LilOlMeFromSD's photo
Sun 09/26/10 06:48 PM
You are welcome, Ms. Wolf. I hope you come to terms with the pain soon. :)

no photo
Mon 09/27/10 09:19 AM
There is no such thing as "normal."

TxsGal3333's photo
Mon 09/27/10 09:27 AM
The problem with most is they worry too much what others say. Be yourself do what you want to not what others want you to or expect you to do......

This is your life no one can live it for you but yourself........enjoy it while your here.....bigsmile

chelsea466's photo
Mon 09/27/10 09:39 AM
My best friend in high school didn't care what others thought about how she dressed or what she did and she was the happiest person I knew. She didn't wear the hottest styles of clothing but clothes that came from goodwill stores. She helped me to not care about everyone else's opinions. The only person that should matter is if your truely happy with who you are.

As long as you are happy with yourself everyone else including your family will see it and be happy around you too. Don't seek approval from anyone other than yourself.

Hope this helps. flowerforyou

no photo
Mon 09/27/10 10:38 AM
At my age (32+}noway I have learned the ONLY person thats gonna make me happy is me!! and if I am happy so is everyone around me!!flowerforyou

no photo
Mon 09/27/10 10:42 AM
The individual has always had to struggle to keep from being overwhelmed by the tribe. If you try it, you will be lonely often, and sometimes frightened. But no price is too high to pay for the privilege of owning yourself.

Friedrich Nietzsche

WolfEyez's photo
Mon 09/27/10 03:29 PM

There is no such thing as "normal."


My point exactly. I've just heard it one too many times growing up .. that I should be normal. Truth be told, when I was a teen, I didn't care what people thought of me. I dressed so unlike everyone else, and I didn't care. So I'm wondering why I changed that outlook and suddenly cared what they had to think. Maybe I'm just not as anger and rebellious as I was then

WolfEyez's photo
Mon 09/27/10 03:32 PM

You are welcome, Ms. Wolf. I hope you come to terms with the pain soon. :)


It's not so much pain as wanting to not be the black sheep of my immediate family. I realize my whole family is nothing but sarcasm and criticism, but the immediate family is downright harsh a lot of the times. My uncles accepted their kids for how they dress (they all dress punkish/rockerish/semi gothic even the girls) I like to understand things is all.

krupa's photo
Mon 09/27/10 03:48 PM
I know the type of family that is sarcastic and critical. They dont know any better...like a dung beetle...thier only hobby is digging around in other peoples s**t.

Unless they have you by the short hairs (supporting you)...cut em off for a trial period....say, the next 3 months. Skip thanksgiving and Christmas. Any phone calls from them...."I got eggs on the stove, I'll call you back later"

Give them no opportunity for the cheap shots, brow beating or sarcastic innuendo.

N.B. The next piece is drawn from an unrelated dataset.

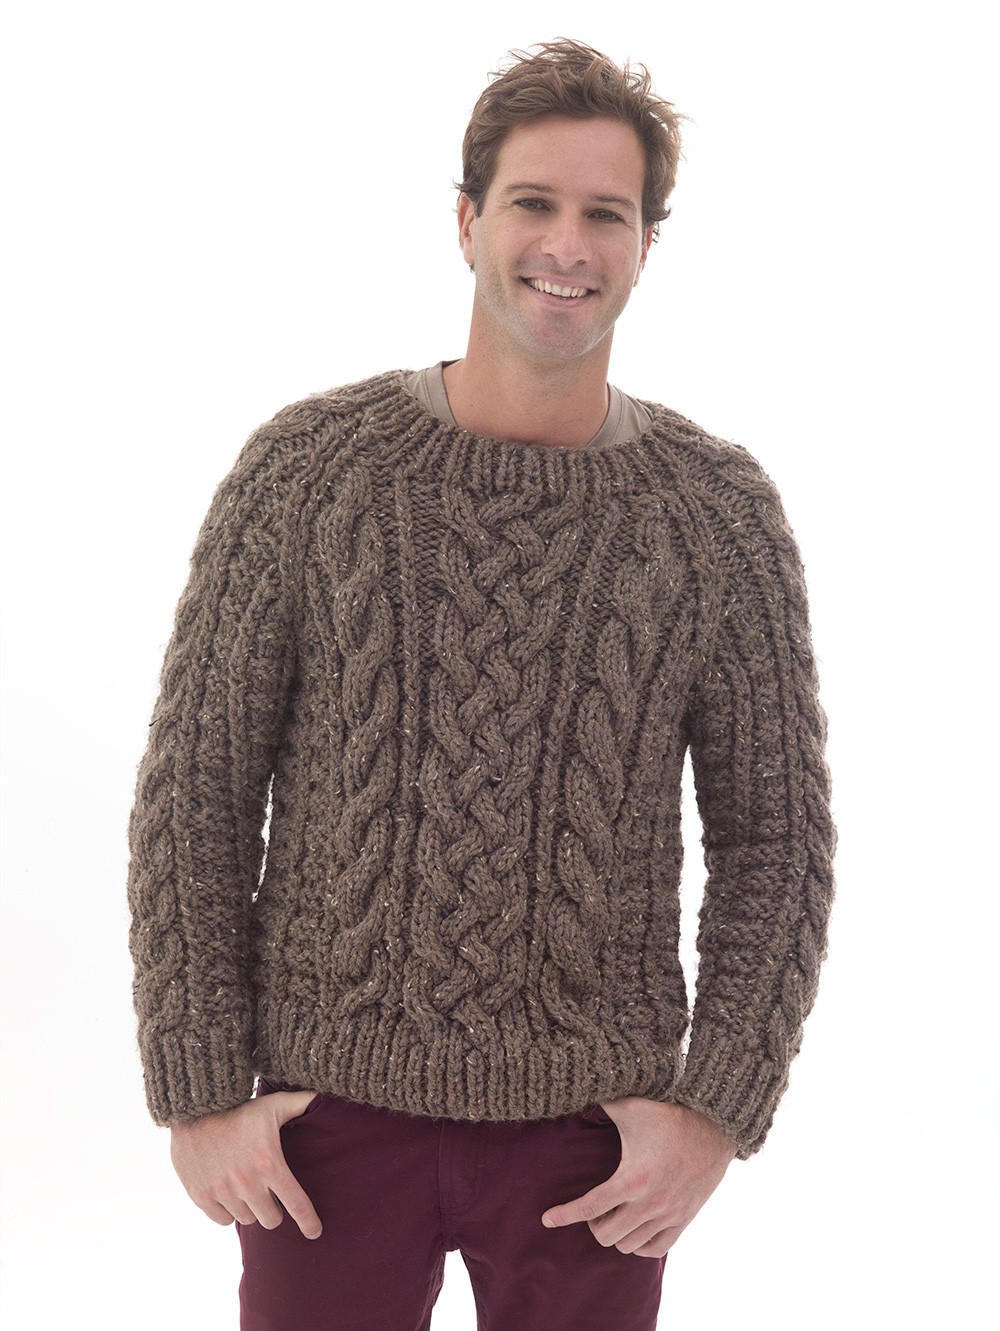 Raglan Cabled Pullover Knit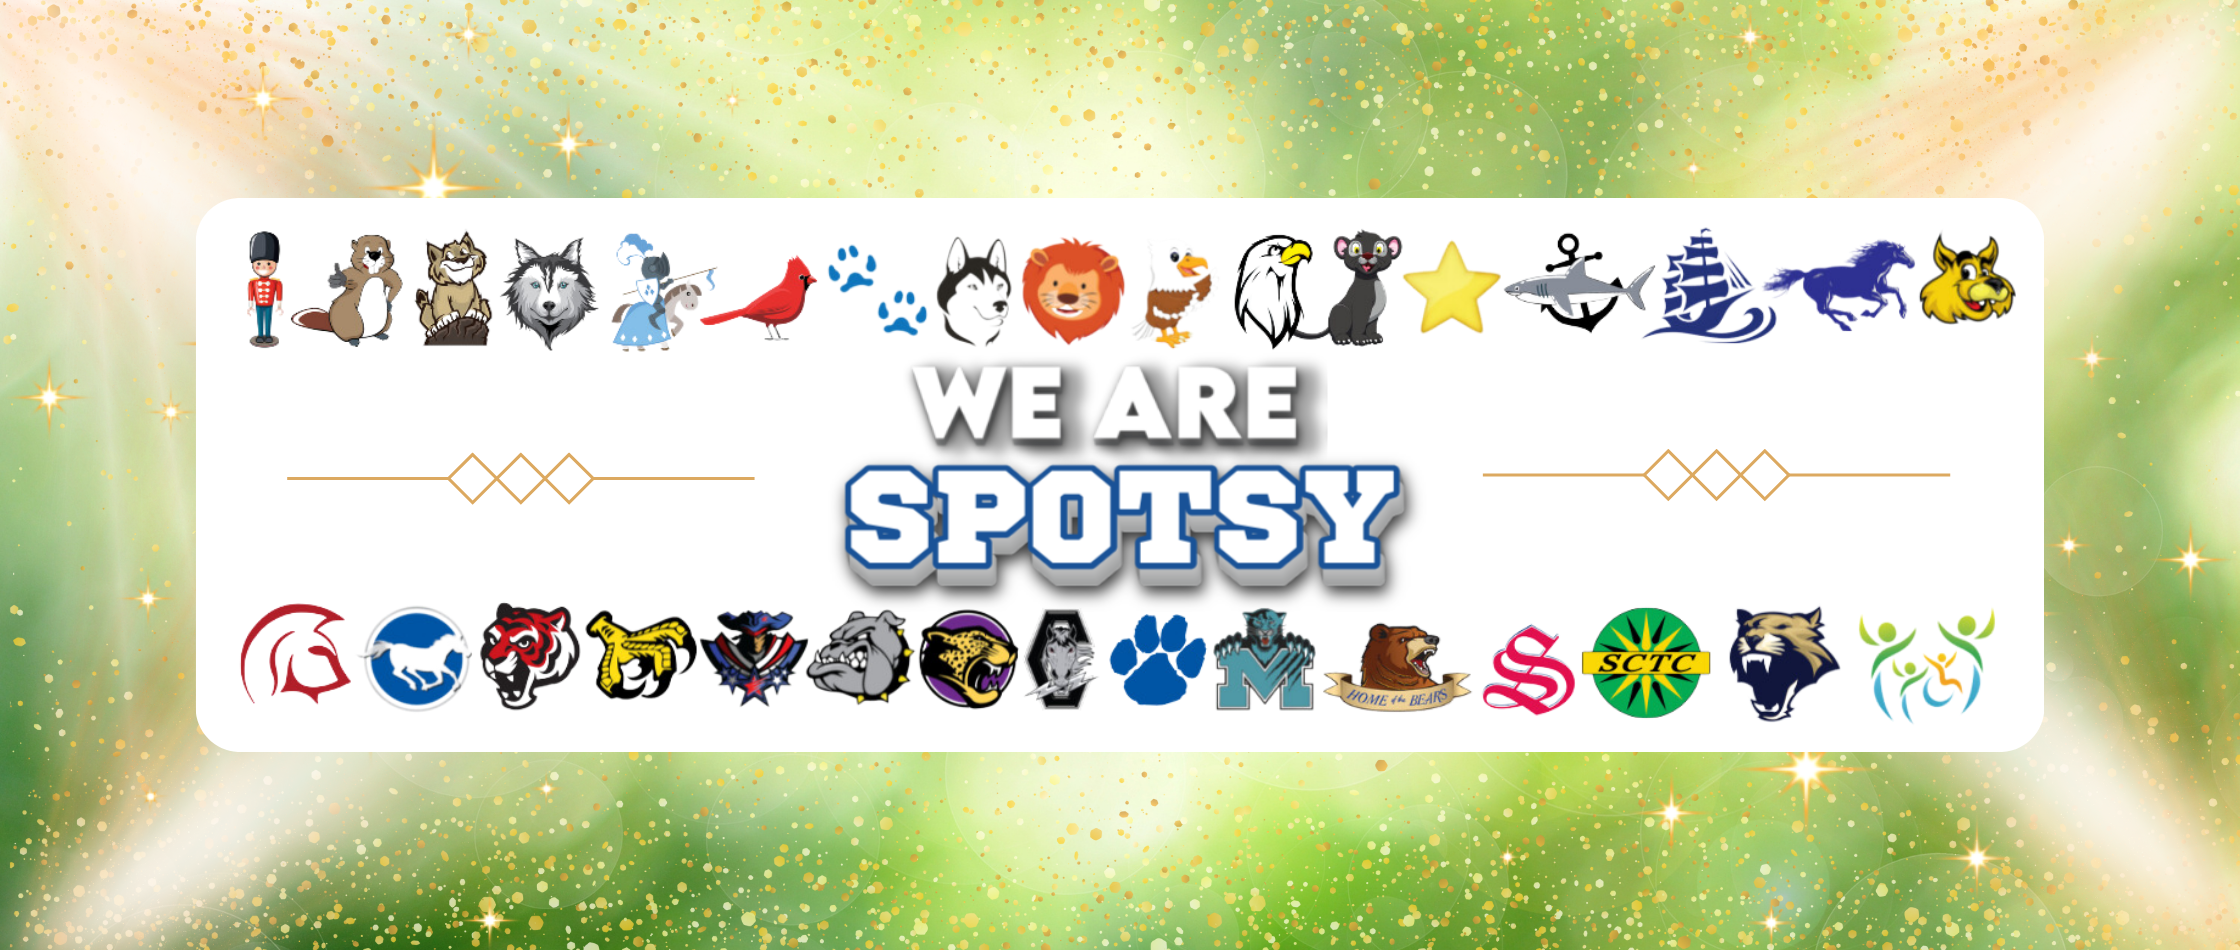 We Are Spotsy

Believe me, you will enjoy your holidays a whole lot more. After the first of the year when they KNOW that you are cutting them off. Make the call, Let em know that you wanted to see what it was like to have a holiday with people who accepted you for you and didnt run thier mouths trying to make you into "them". (even if this means just hanging solo.....it is alot better to be alone and comfortable with no pressure than to put up with crap that you are obviously sick of)

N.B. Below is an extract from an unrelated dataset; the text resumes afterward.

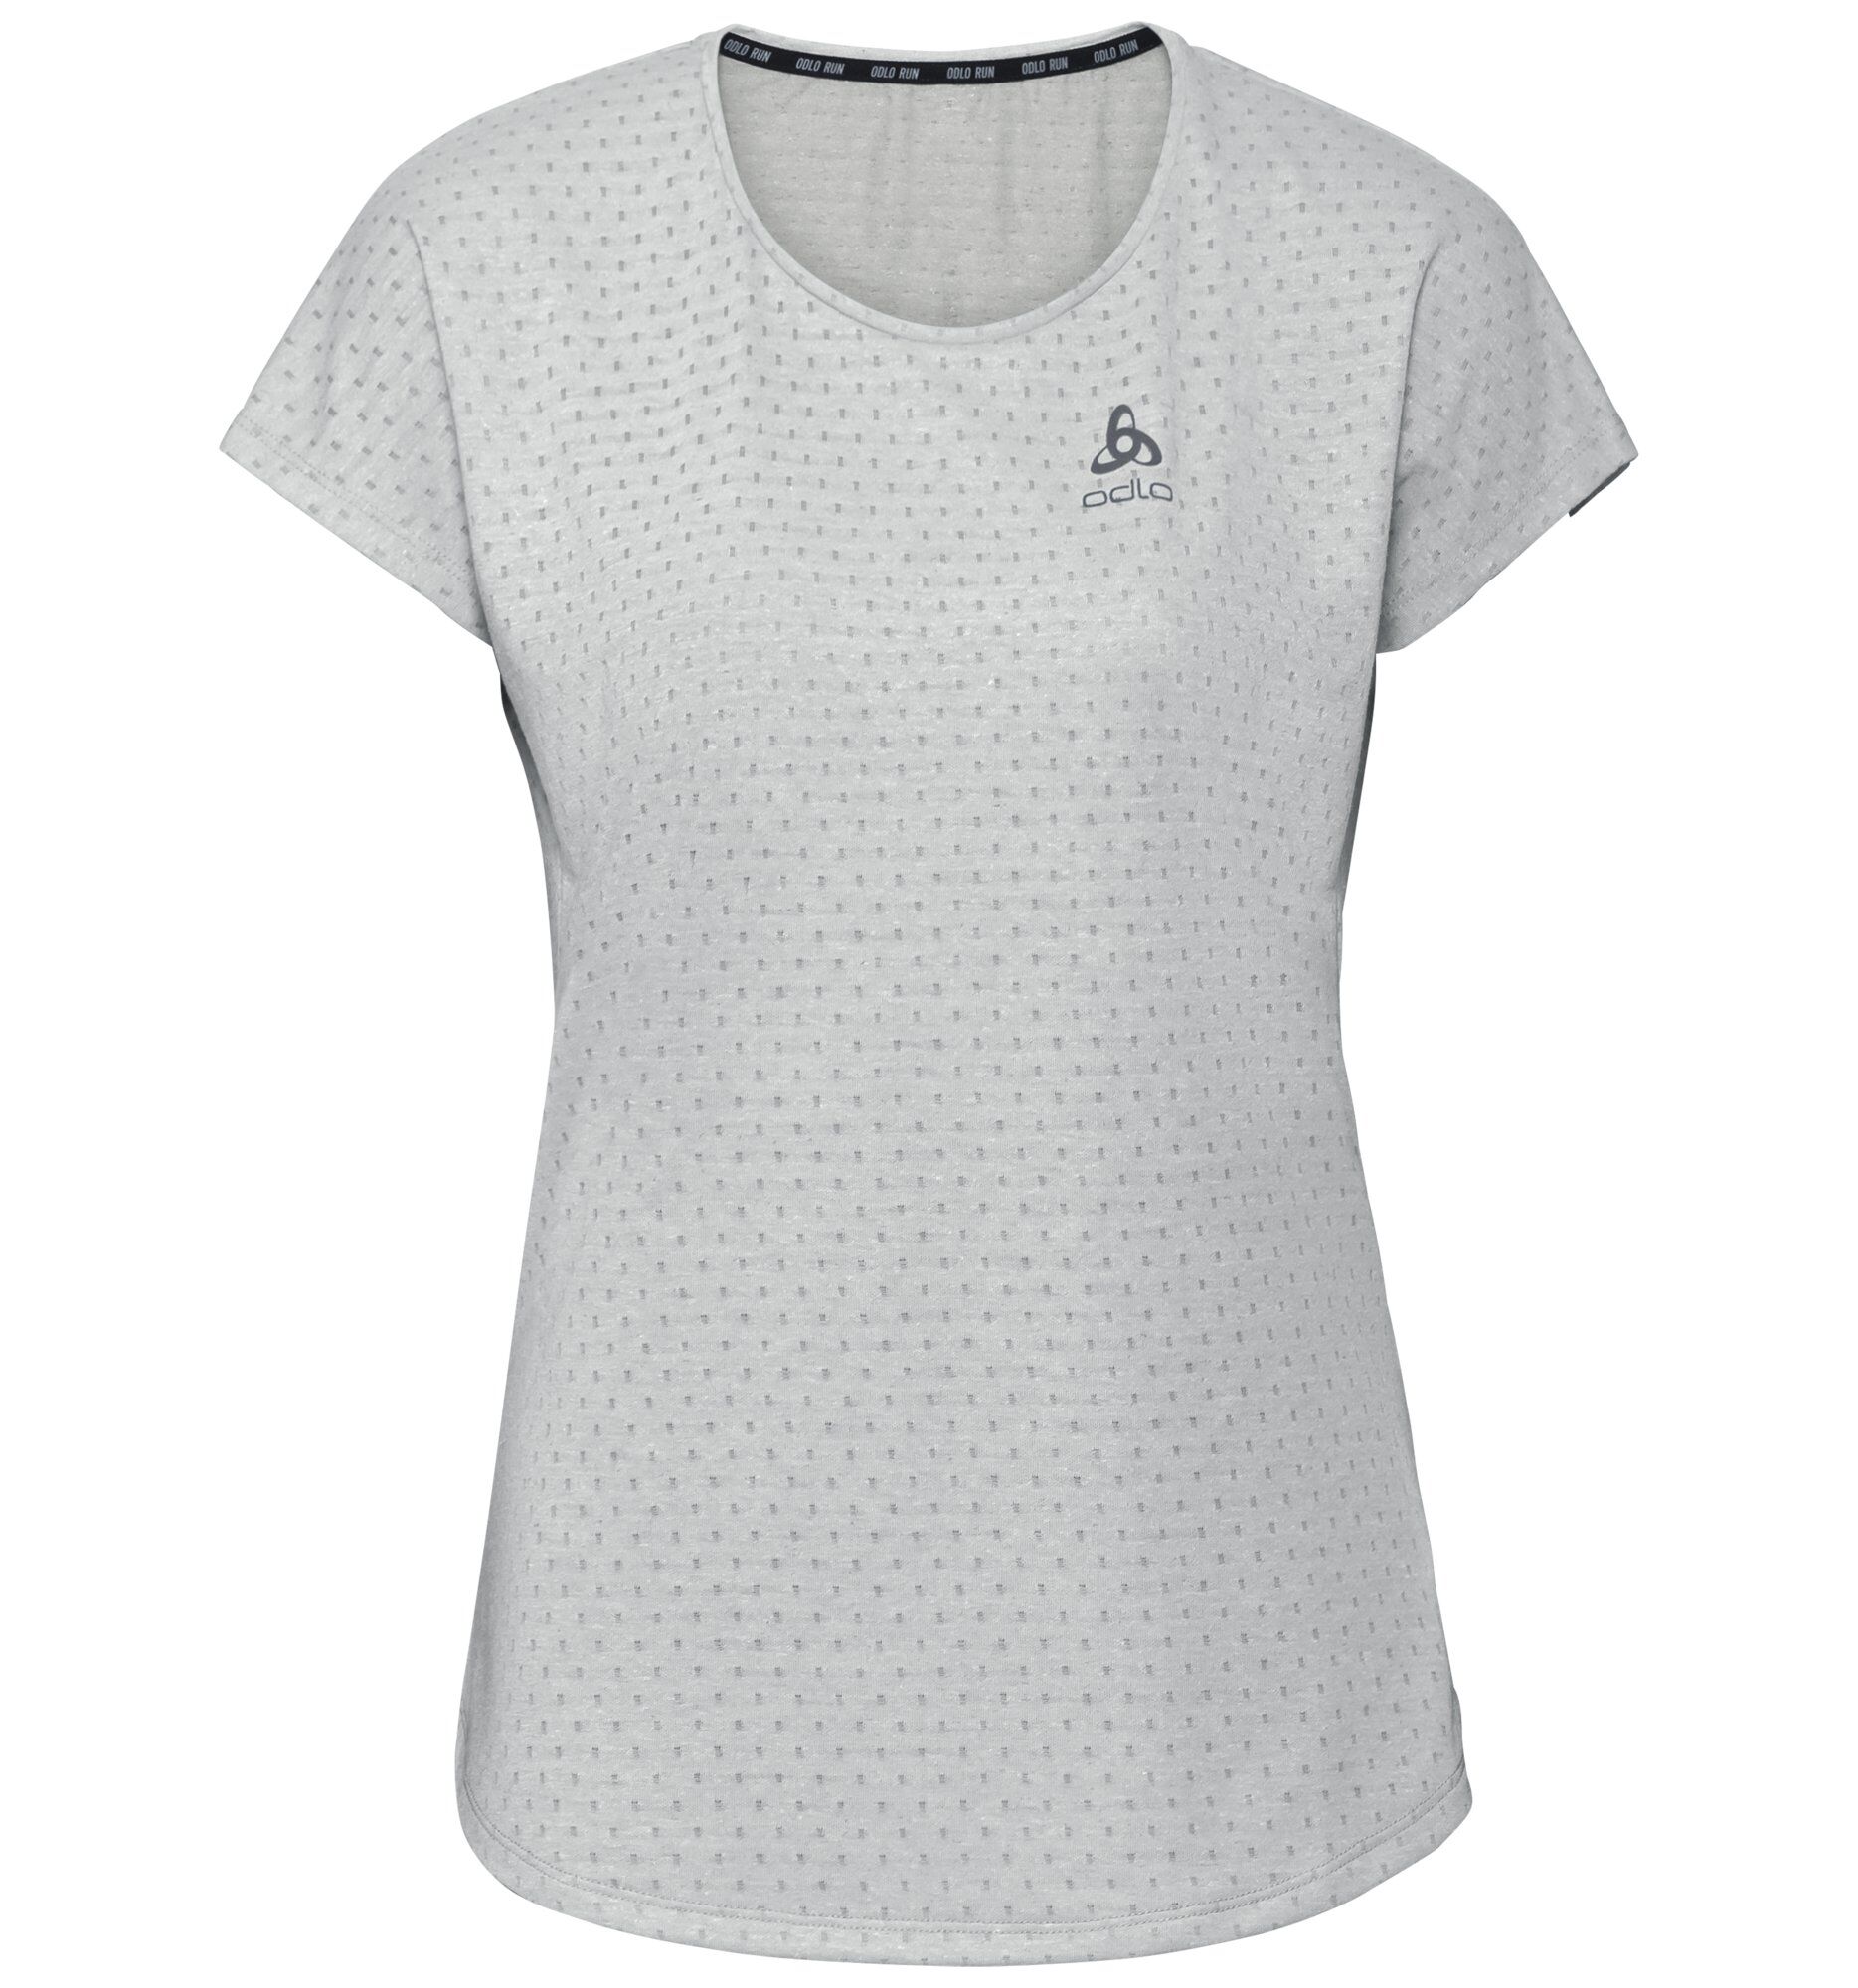 Odlo - Millennium Linencool - T-shirt - Donna

They will either get the point and point thier sharp tongues at someone else or you just cut em off for a full year. Sooner or later, they will get the point.....but, not if you cave. Then they will never have a reason to change if they know that you will keep coming back for more crap.

Just an opinion. I have given this advice to friends of mine and they got positive results.


ujGearhead's photo
Mon 09/27/10 04:01 PM

I have recently come to a conclusion. It is impossible to please anyone (especially family), by trying to be "normal" when it is clear you aren't. At the same time, it is highly IMPOSSIBLE to gain any approval when you decide that for old times sake you'd like to be even more different and step outside of the box a little. And just .. breathe

It took me this long to start finding myself again. In a sense, I did loose myself ... what I stood for, who I was, who I was suppose to be ... for a few years now. And now that I start feeling like .. me again .. I'm going to be criticized, and shot down. I believe I am surrounded with enough negativity as it is .. why add more? Why are families the root of all things negative? Why do I deserve to be stereotyped and shot down when I decide I want to be a little darker some days? (appearance wise) I don't judge them OR anyone else for that matter.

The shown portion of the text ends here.